[What you are asked to do]
Everything in the listing should be set down exactly, apart from the pictures.

[Input data]
━━━━━━━━━━

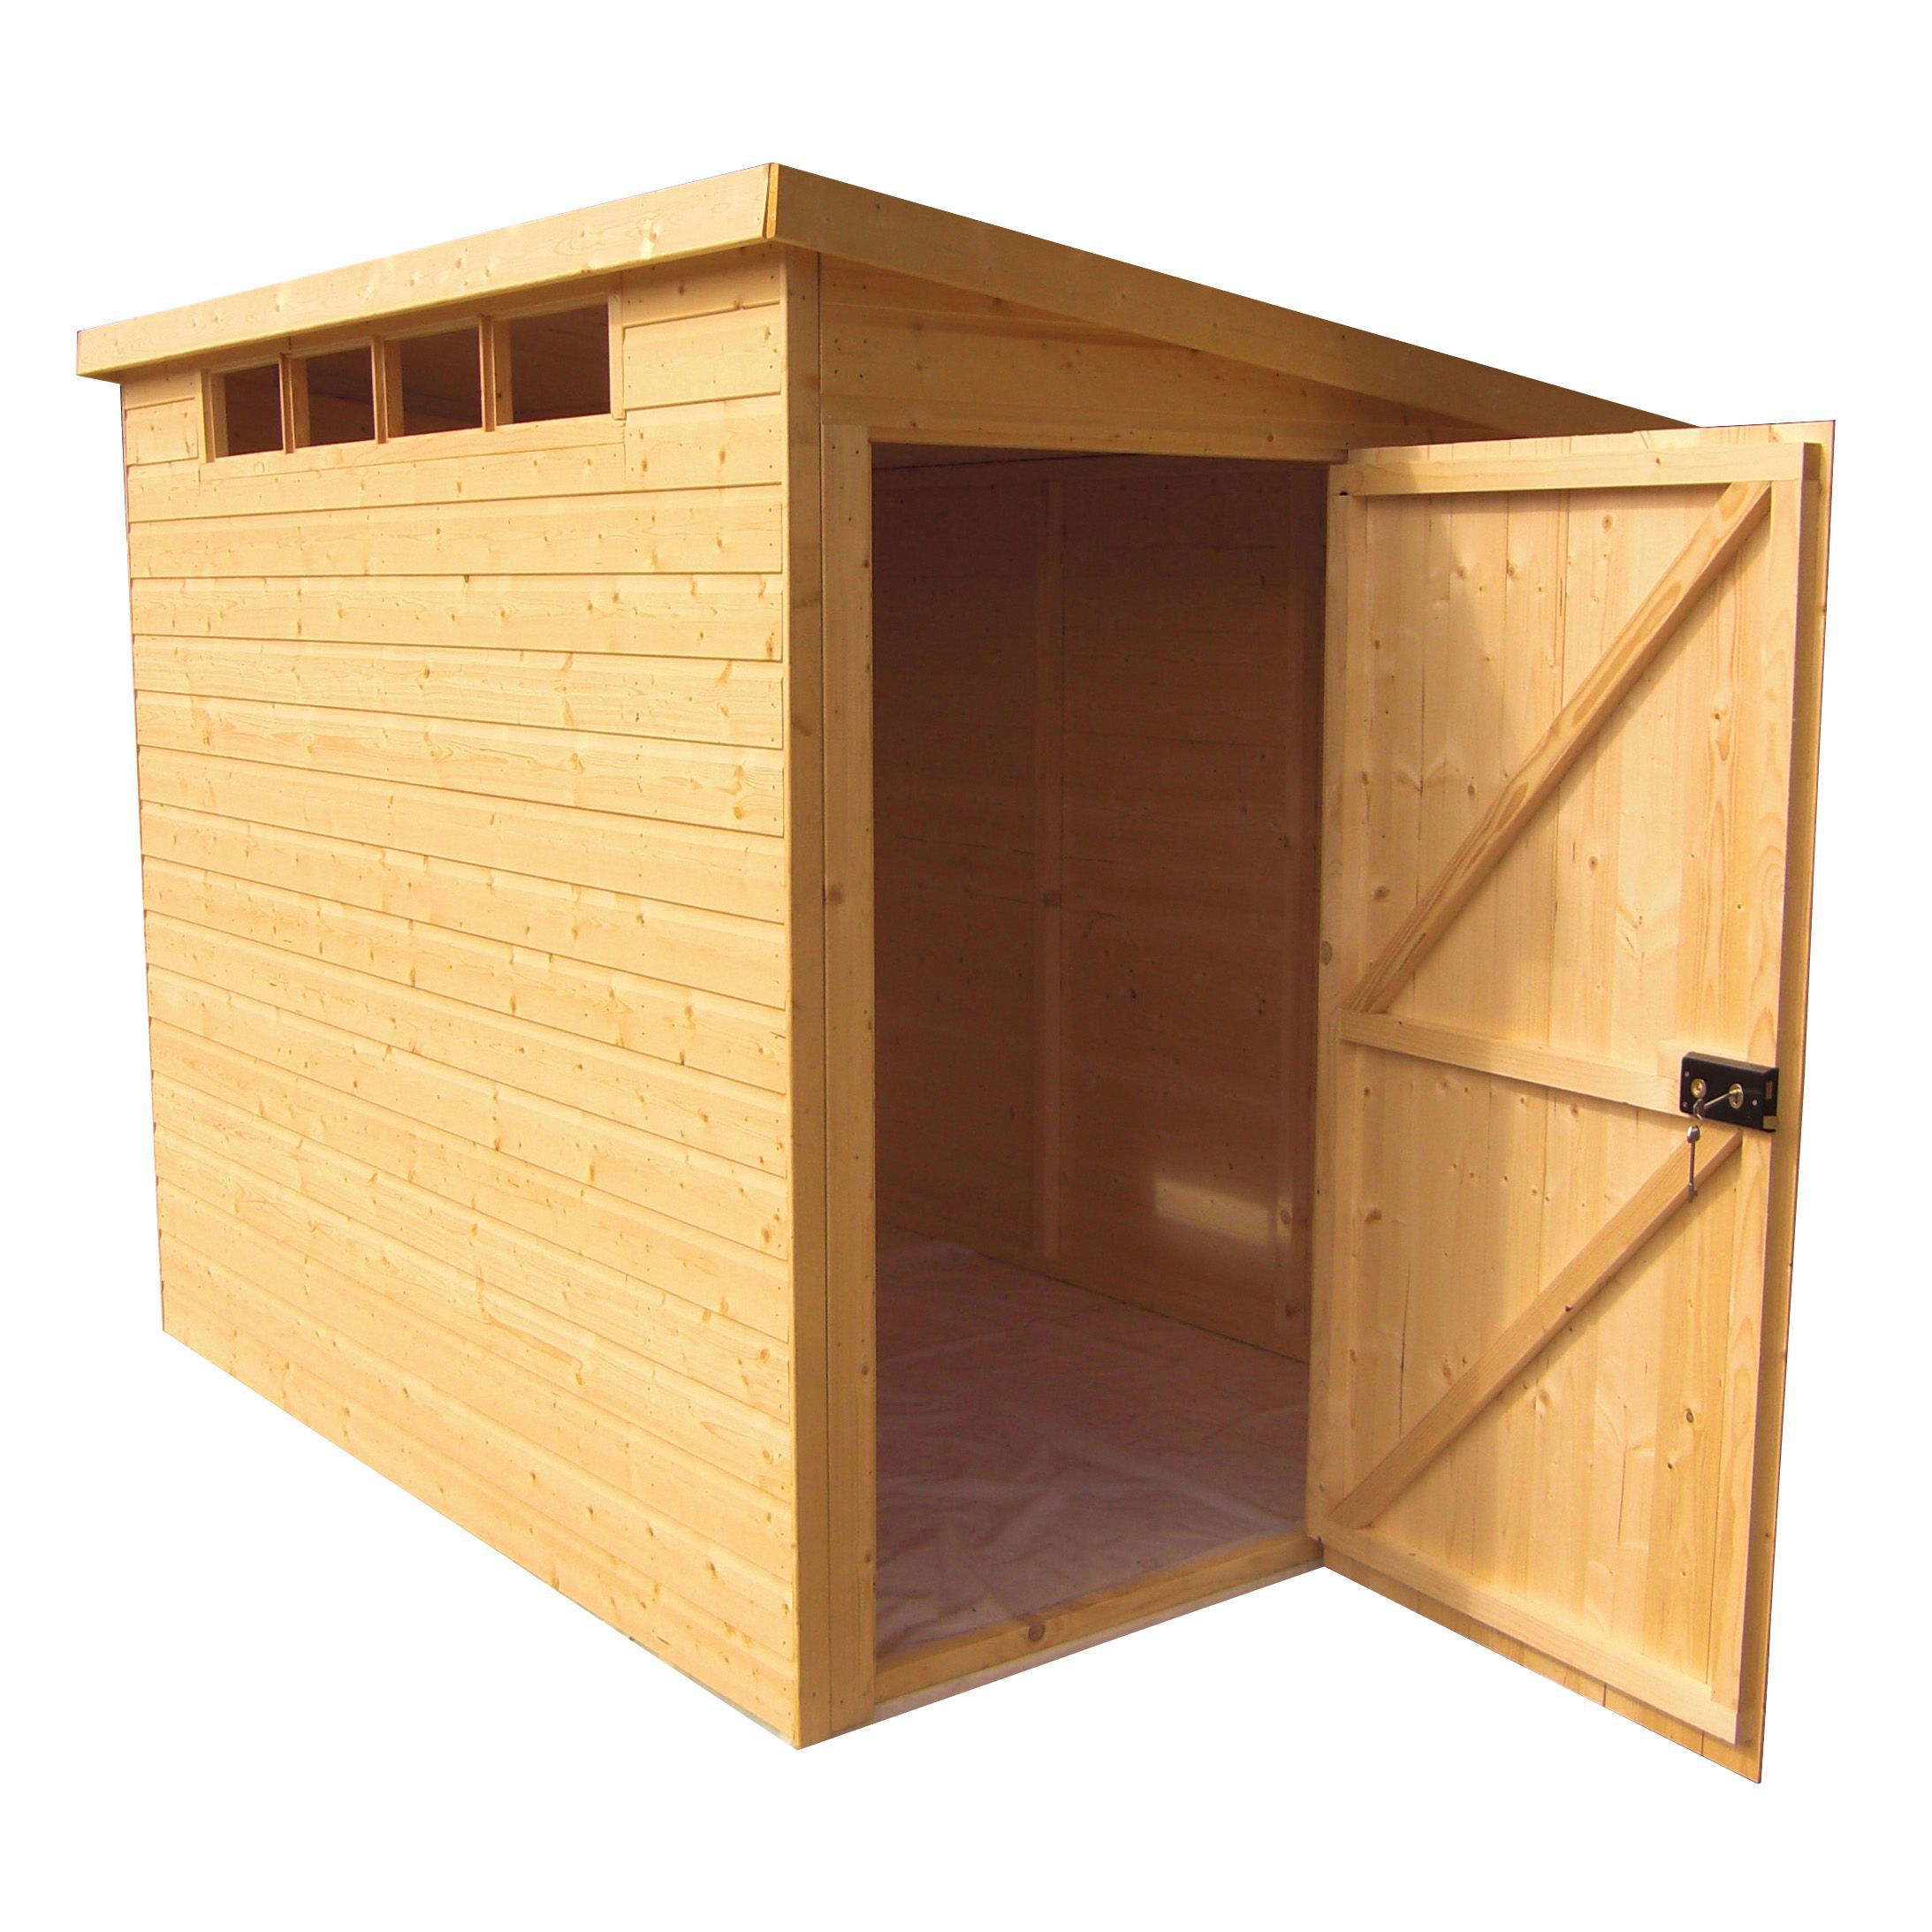 Shire 10x6 Pent Shed - Base not includedAssembly required
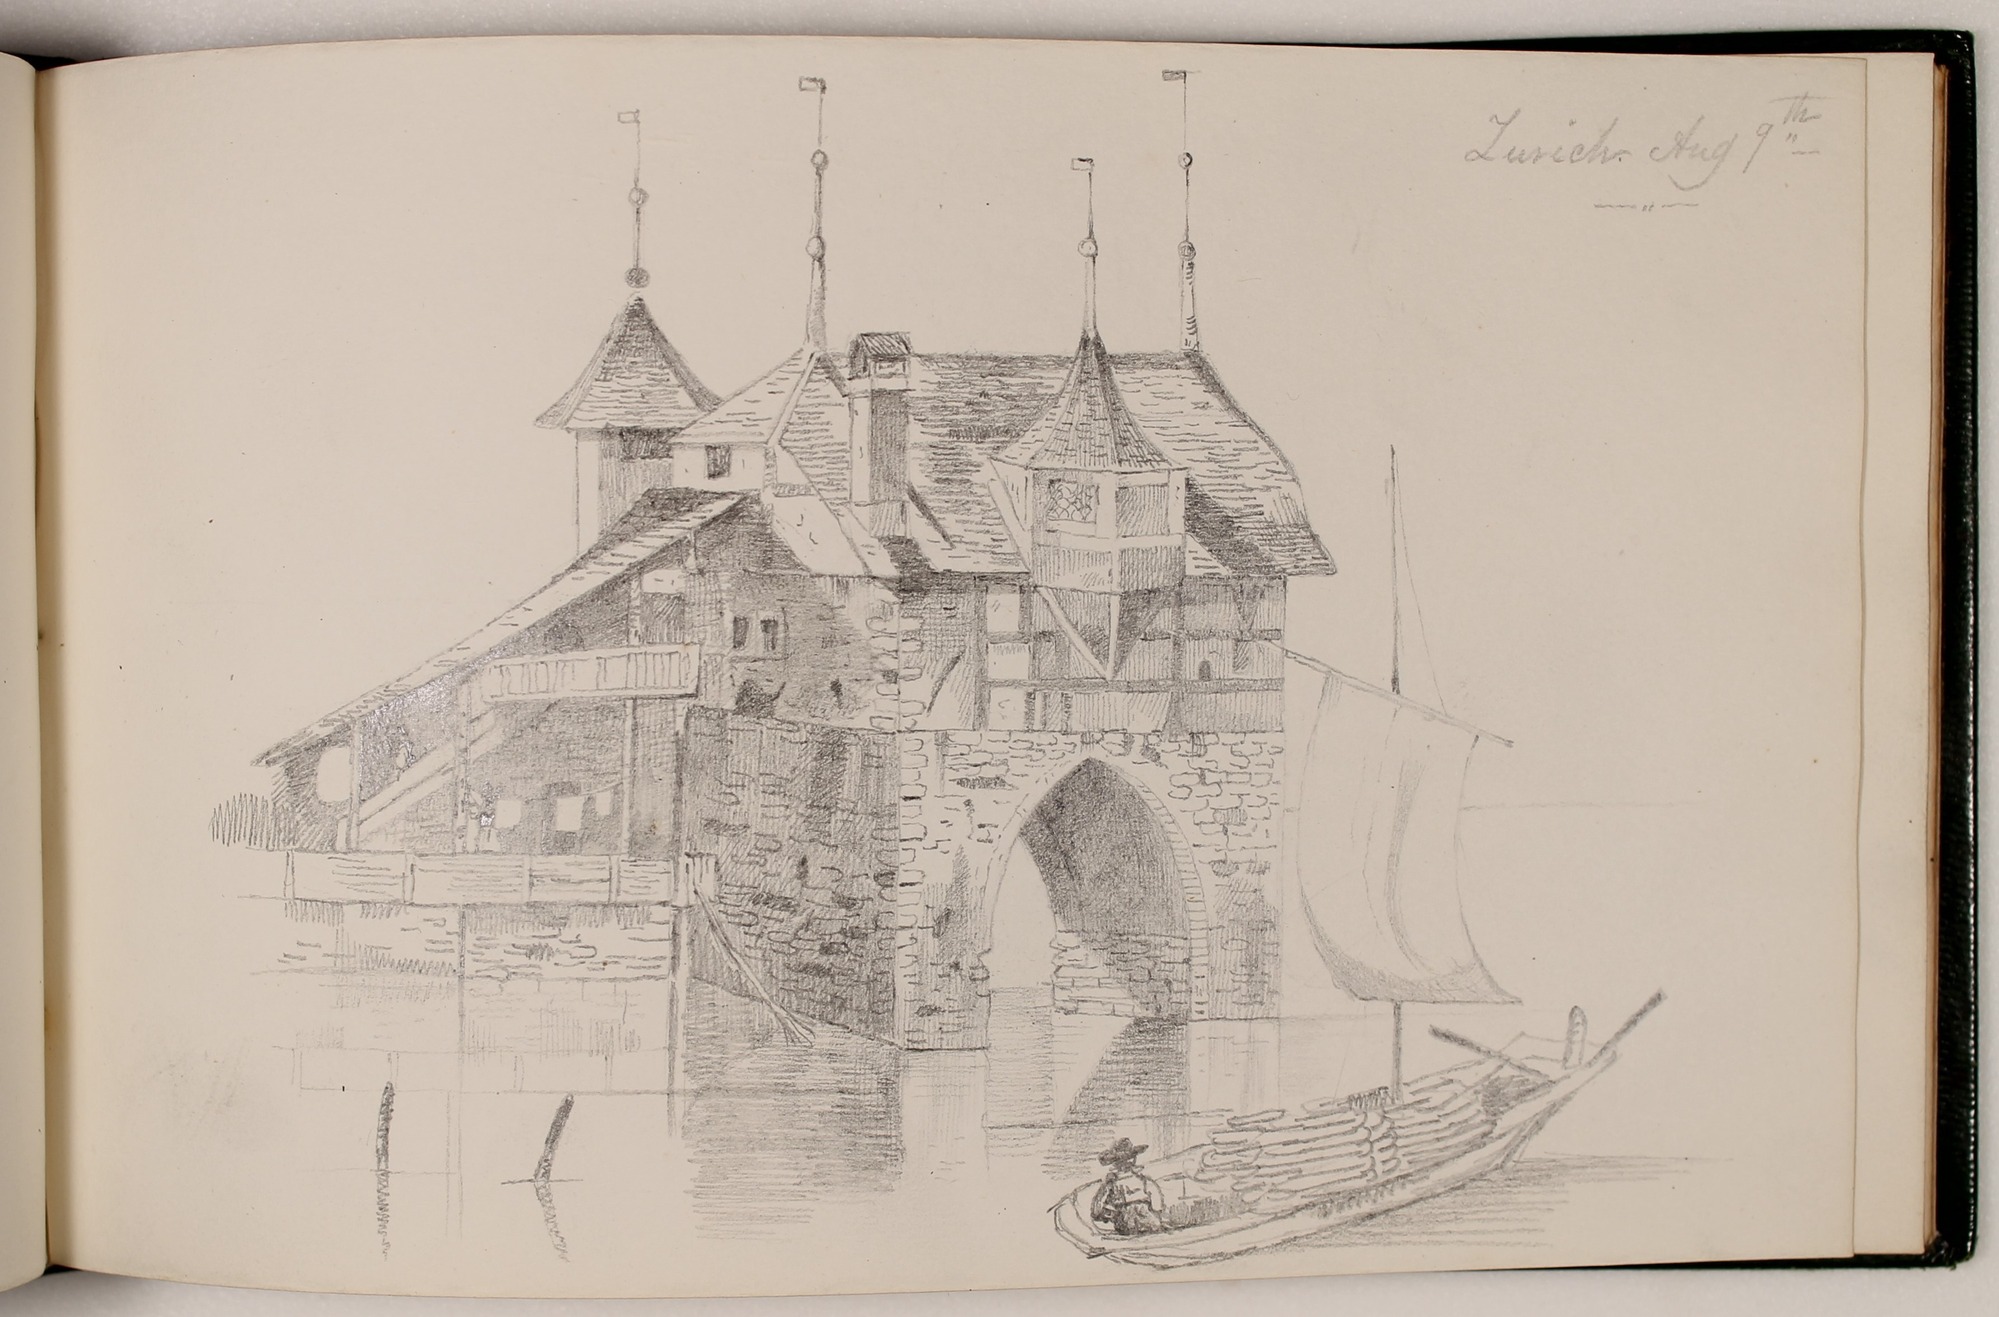 Pencil drawing in sketchbook of building constructed over water with arched foundation, small boat with sail in foreground.
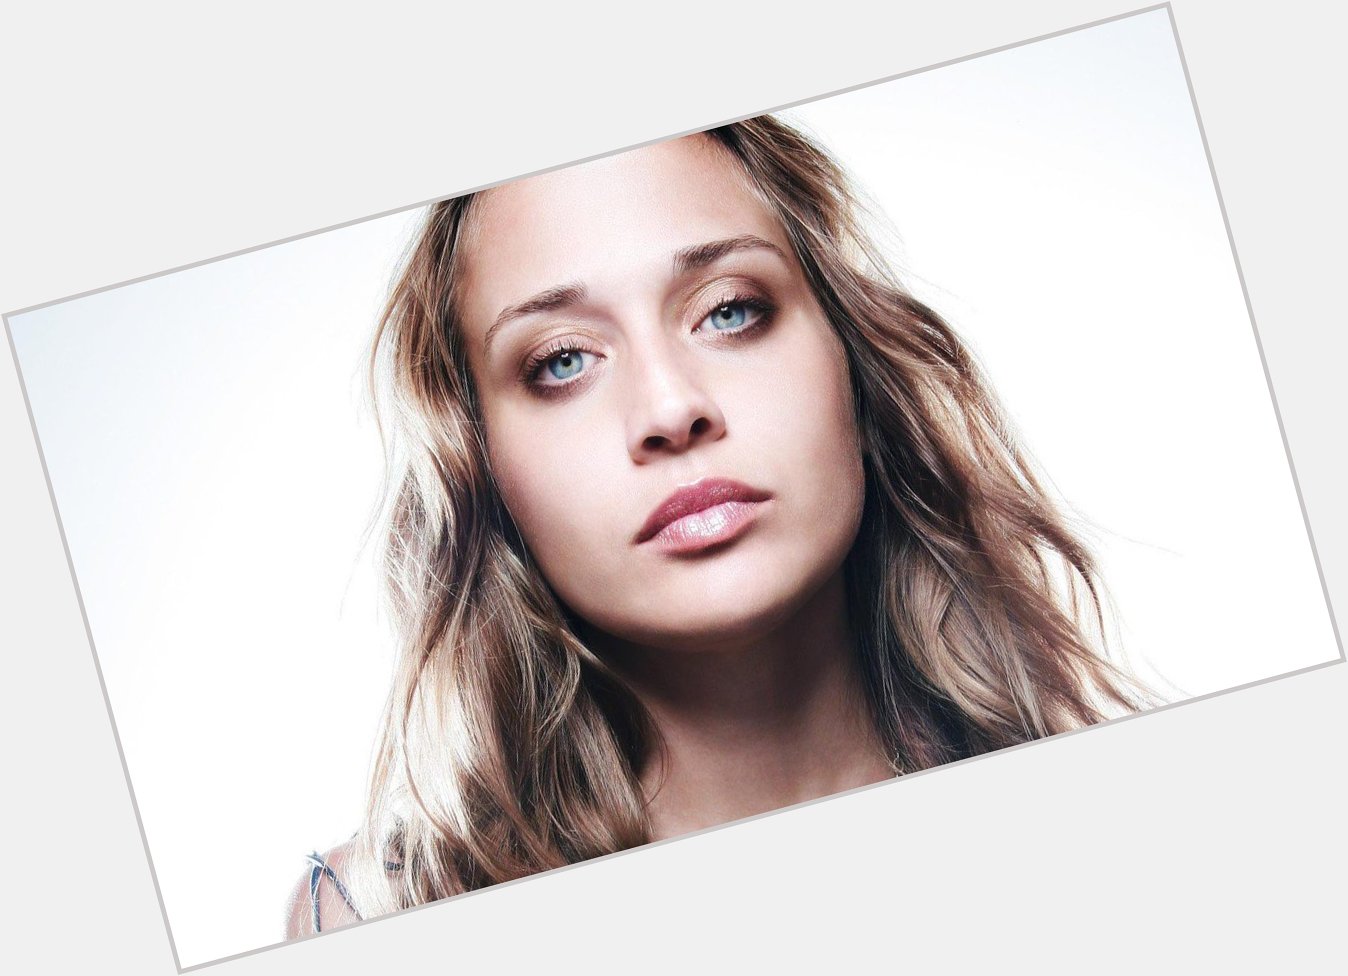 Wishing a happy 42nd birthday to Criminal singer Fiona Apple!

━━━━━━━━━━

[Worked solution]
 Shire 10x6 Pent Shed - Base not includedAssembly required
 Pencil drawing in sketchbook of building constructed over water with arched foundation, small boat with sail in foreground.
 Wishing a happy 42nd birthday to Criminal singer Fiona Apple!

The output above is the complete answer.